Another is to have whatever game I make utterly own what it is. In EtN I put the most gruesome image above the fold on the Kickstater, not because it was particularly representative, but because doing so felt like it guaranteed that nobody who’d be really upset would back the game. I don’t think it particularly hurt that game, but here I worry that it would since it might have implications about the nature of the game that wouldn’t be true.
Some games get away with including content that could be upsetting, but making players generate it themselves. I think that a lot of people would feel quite differently about something like Dead of Winter if it explicitly depicted what it would be like to go through a breakdown following beating a bunch of what look like children to death. However there’s no graphic image or detailed description, the words on the card say less than the reader’s mind will (depending on the nature of the reader, I suppose).
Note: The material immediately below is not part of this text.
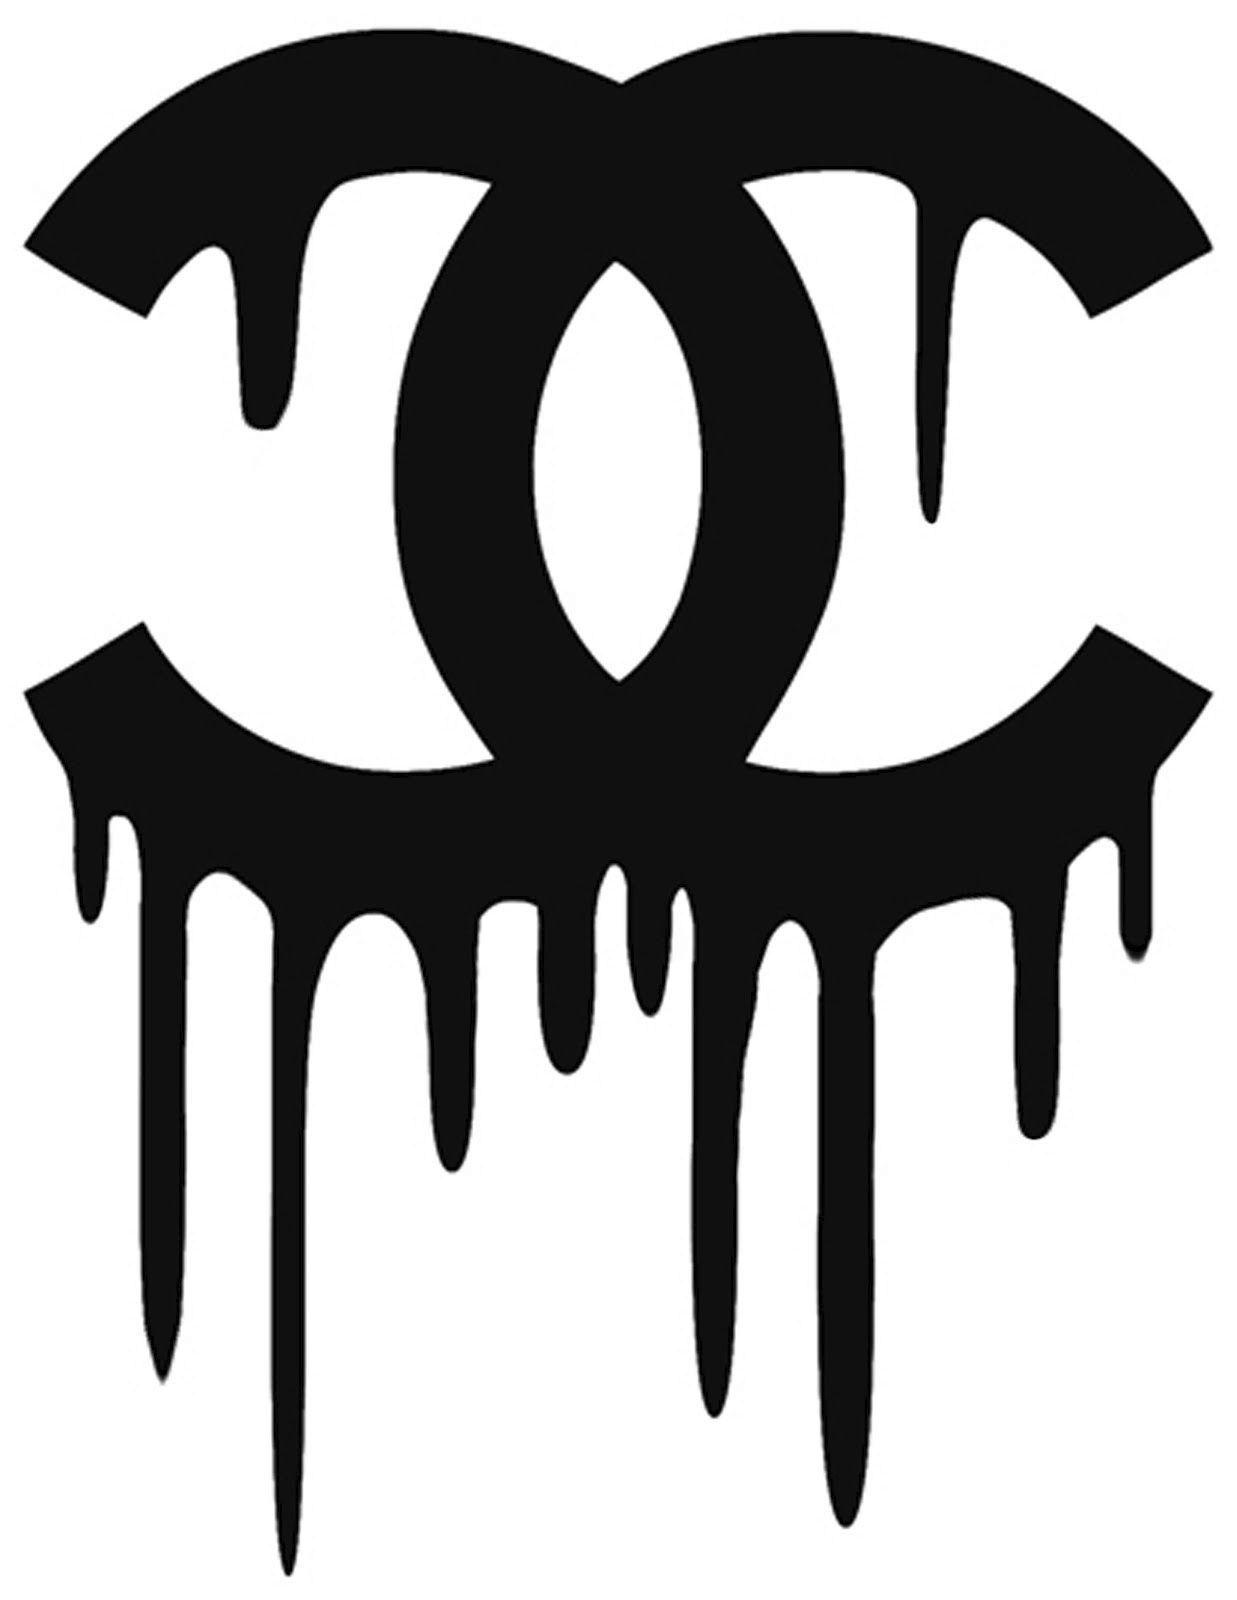 Black and White Chanel Logo - Art and design. Chanel logo, Chanel, Coco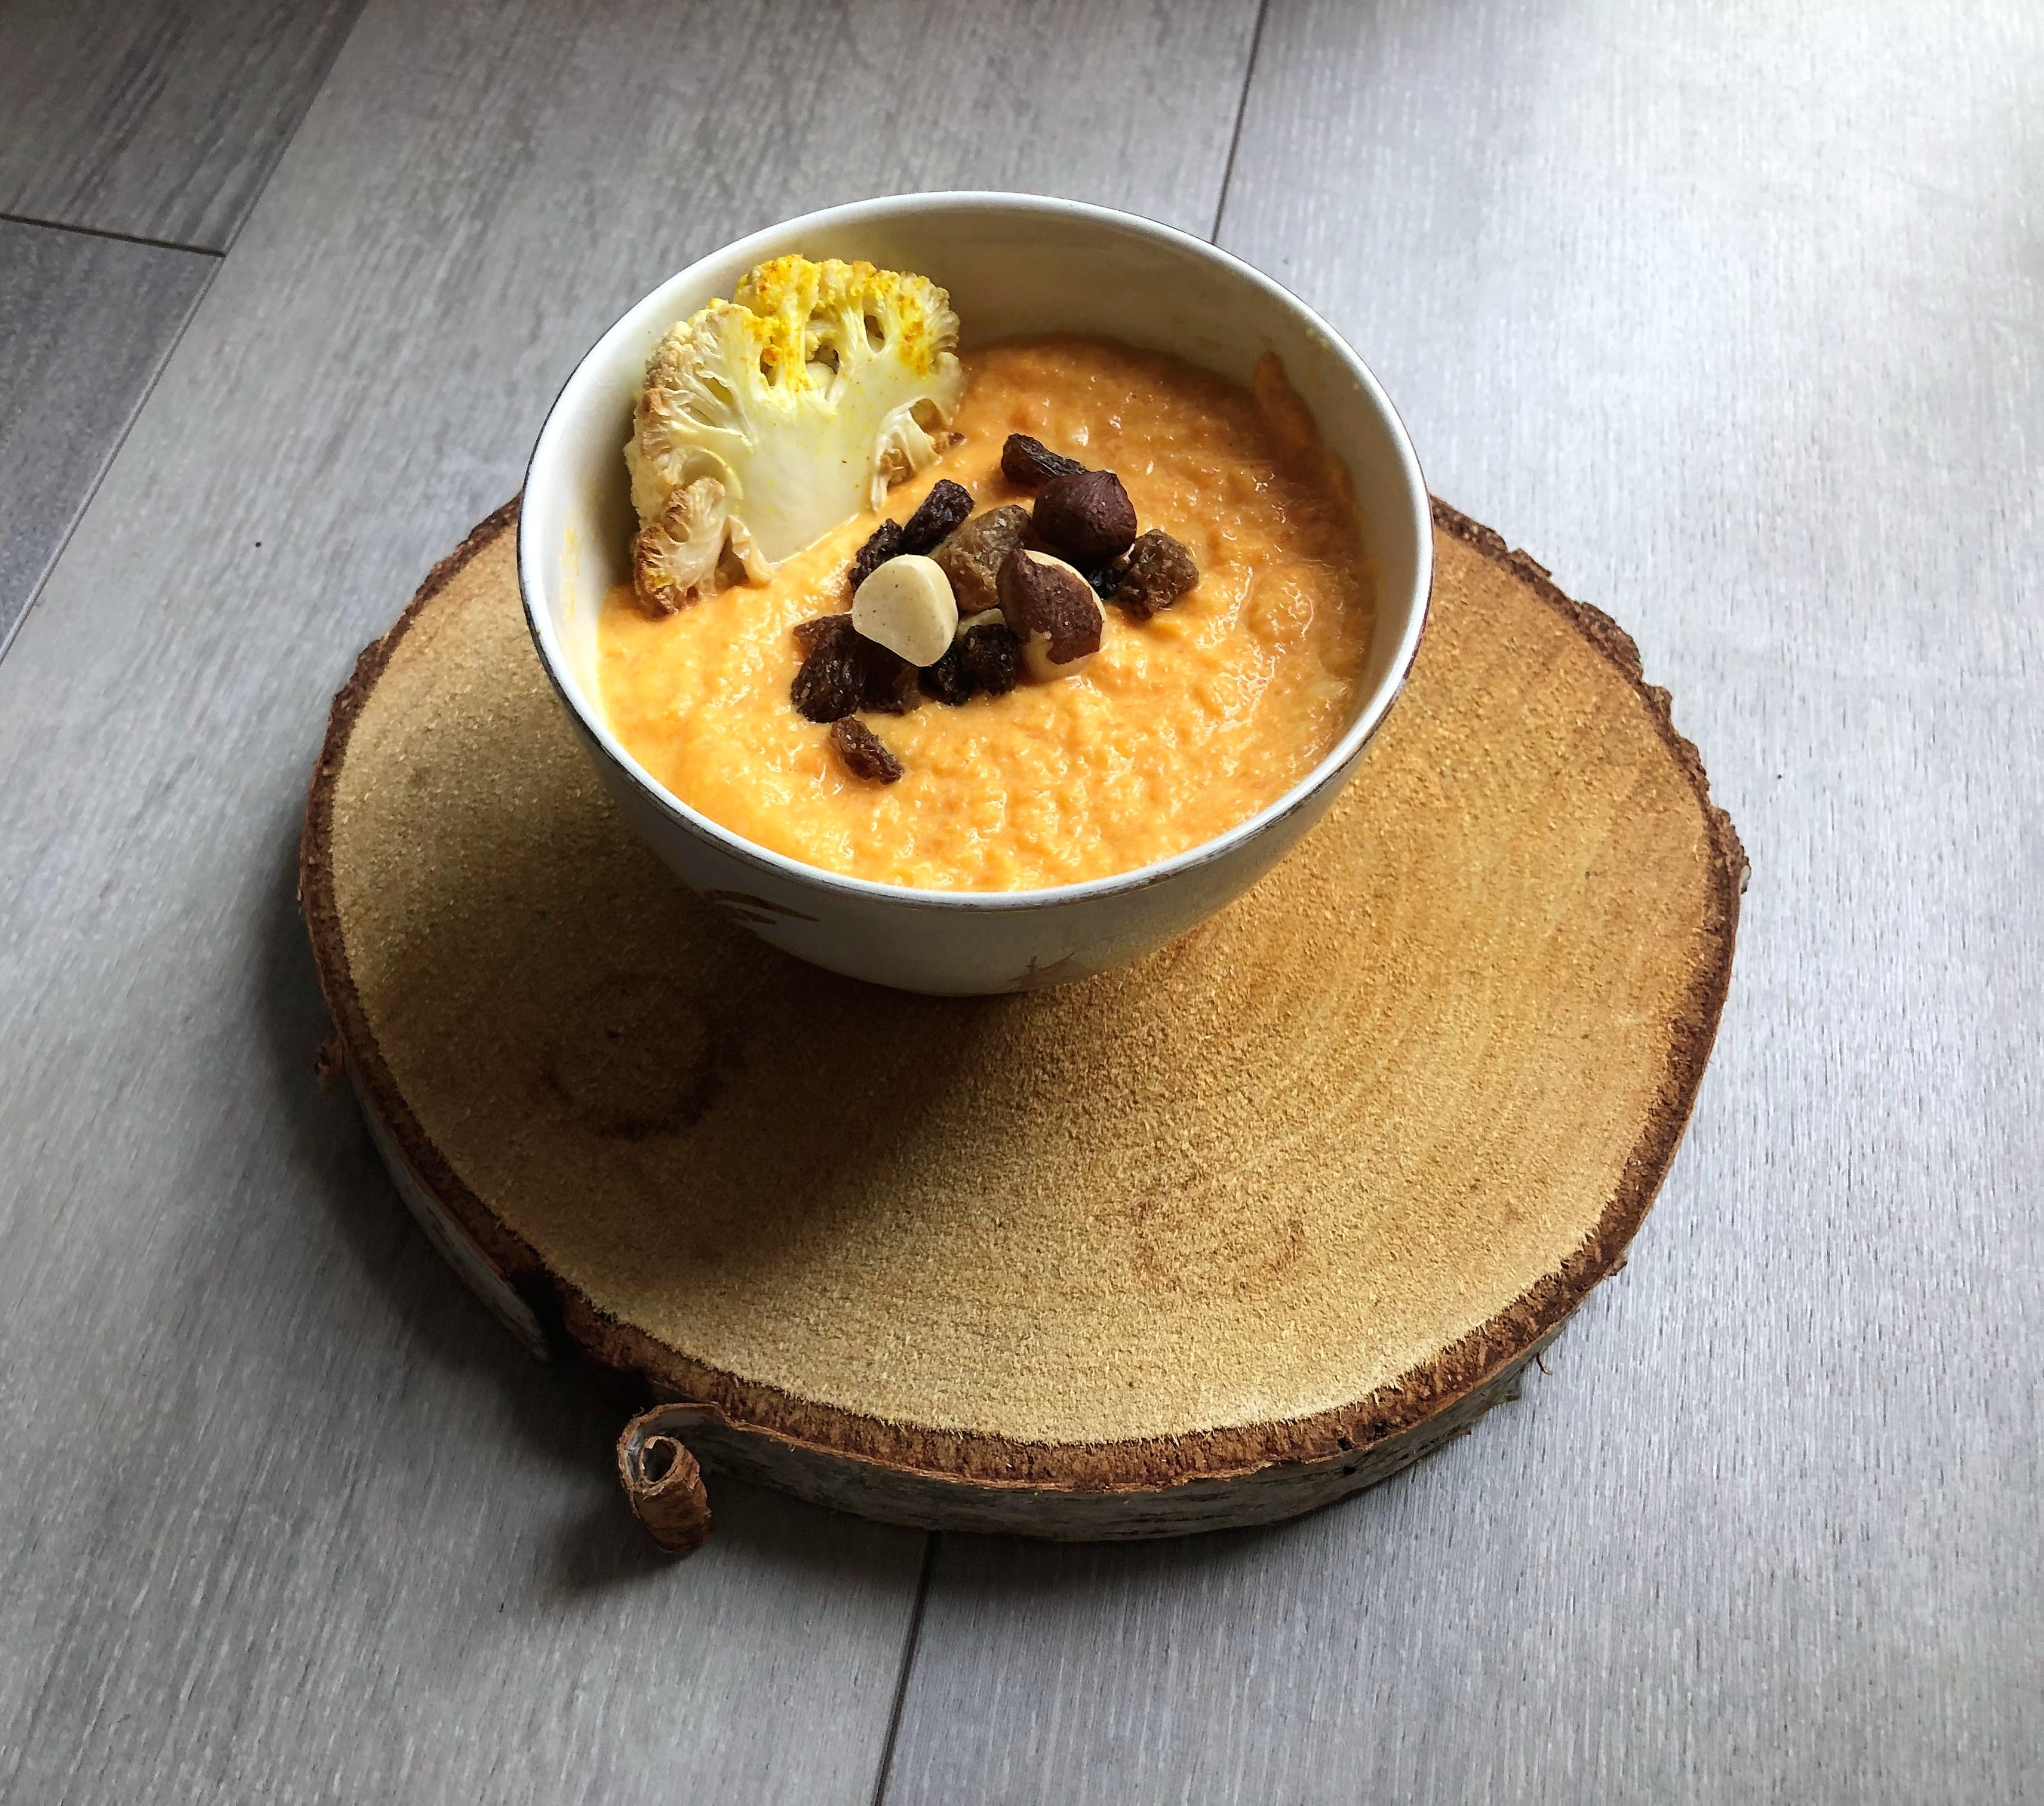 La receta de la semana: Crema de zanahoria caramelizada y naranja

I have the option to title a card something like “Sweden’s Toy” and have the art be a little ambiguous, such that a person only sees what they make up for themselves. Though that approach would rule out a certain amount of using quotes from the comic as flavour text, which I think is at least a little desirable.
I don’t think that there’s a single right answer here and perhaps it’s a bit soon for me to be worrying about it. The best answer will probably depend on the game being made and that’ll depend on which one has the best gameplay after some more development. I hope that you’ve found it interesting to share some time thinking about the place of adult content in board games and how to handle it – I think that it does have a place. I strongly feel that a board game should be able to manage any subject matter that a film or book can – but getting the balance just right is a little trickier.
After all, your players are going to have to look each other in the eye while playing it.